Yet there are too many principles and practices initiated in Physics that have value in virtually every sphere of our life, and Information Industry is by far among the greatest beneficiaries of
Physics.

Back in my school days I was much amused by concept of dimensional analysis. The greatest merit of this was to be able to perceive most quantities and their units as derived from a small number of
Fundamental Quantities. In short, it meant that whereas we often try to make life complicated by assuming quantities that we do not fully understand or relate, the universe is essentially built
around only a handful of these that are elementary. Conversely, based on our mastery on manipulating those handful of elementary things, lies our mastery on everything. From that moment onwards I
liked Physics for being the simplest of sciences. Later on, as I studied Chemistry, I found the same concept repeating where everything was made up from a few chemical elements. The two together
have emphasized that complex looking things are essentially made of simple bits and it depends on our ability to combine simple things in proper quantities and context as to how we make the most
sense out of the seemingly complex world.


Why have derived quantities?

The question may be broken into two:

  • Why reckon in quantities that turn out to be derivable?
  • Why derive these quantities?


Why reckon in quantities that turn out to be derivable?

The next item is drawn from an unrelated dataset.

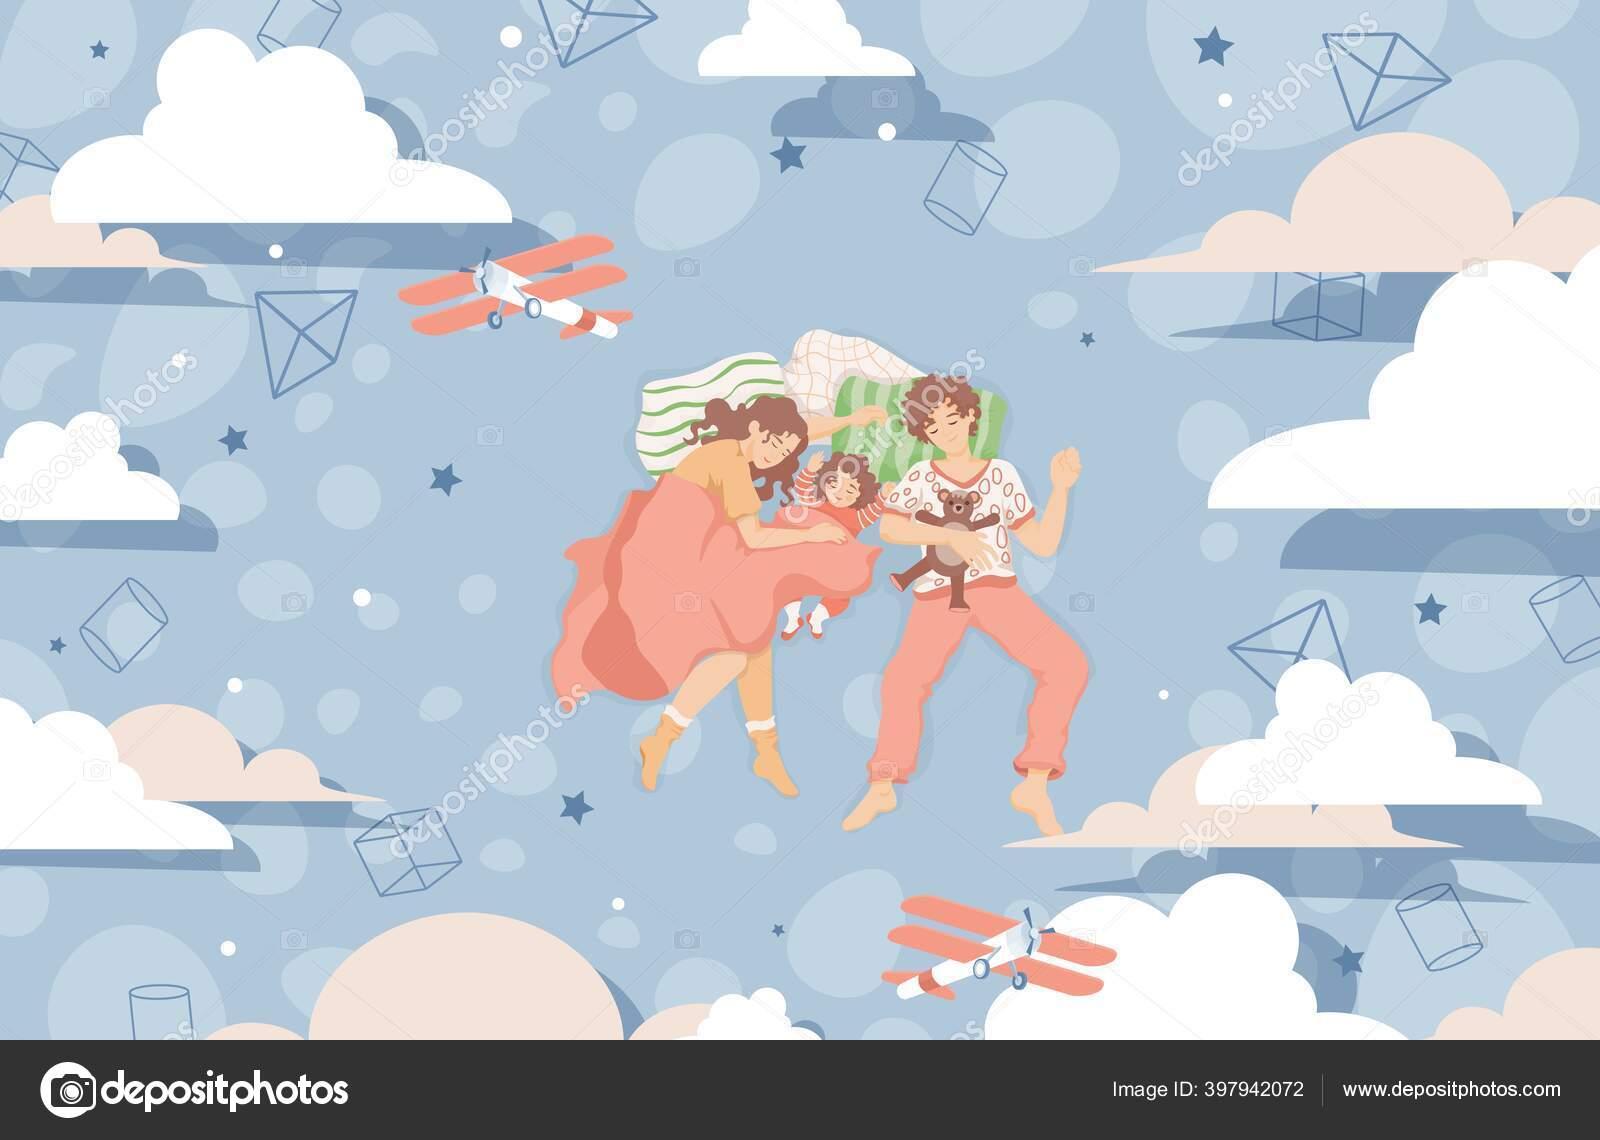 Keluarga Tidur Bersama Di Tempat Tidur Dan Bermimpi Vektor Datar Ilustrasi Keluarga Bahagia Menghabiskan Waktu Bersama Stok Vektor C Plahotya 397942072

This first question is not that difficult to answer, for there are many of these quantities that we actually ‘feel’. Take example of our routine of traveling to and from our office (not
all of us have e-office with flexi-hours (or further, virtual hours!), however often may we wonder – why not?). Ultimately, the objective is to travel so as to reach from one set of latitude and
longitude i.e. position, to another. This corresponds to a set distance following the shortest available route (e.g. a straight line for good crows on flat earth); but since we have to do this in
such time as to make the most out of our morning, avoid a boring crawl and still meet the office schedule, we are a lot more concerned about the speed that we end up traveling at. Indeed, we are
often willing to travel extra distance if it means better speed and thus more probability of making the most out of our morning. So speed, though derived, is more important to us that distance.

Further, imagine a route full of ups and downs, bottlenecks and fast carriageways where the overall average speed of travel is a bit higher than on a flat country road in ‘good-enough’
conditions and with modest traffic. Are we quite certain that we shall always go by the path allowing greater average speed and thus perhaps a bit less time? On that path the car has to spend a
fair amount of extra energy trying to accelerate after every bottleneck and give in gas on every uphill slope. We also need to spend a lot higher amount of our energy fiddling with the pedals and
being extra vigilant. Perhaps a bit more distance, a bit more time, a bit less speed are all fine if they mean considerably lower acceleration / retardation and thus lower usage of energy. So
energy consumption and acceleration / retardation, though involving derivation a level deeper, are more important in our consideration.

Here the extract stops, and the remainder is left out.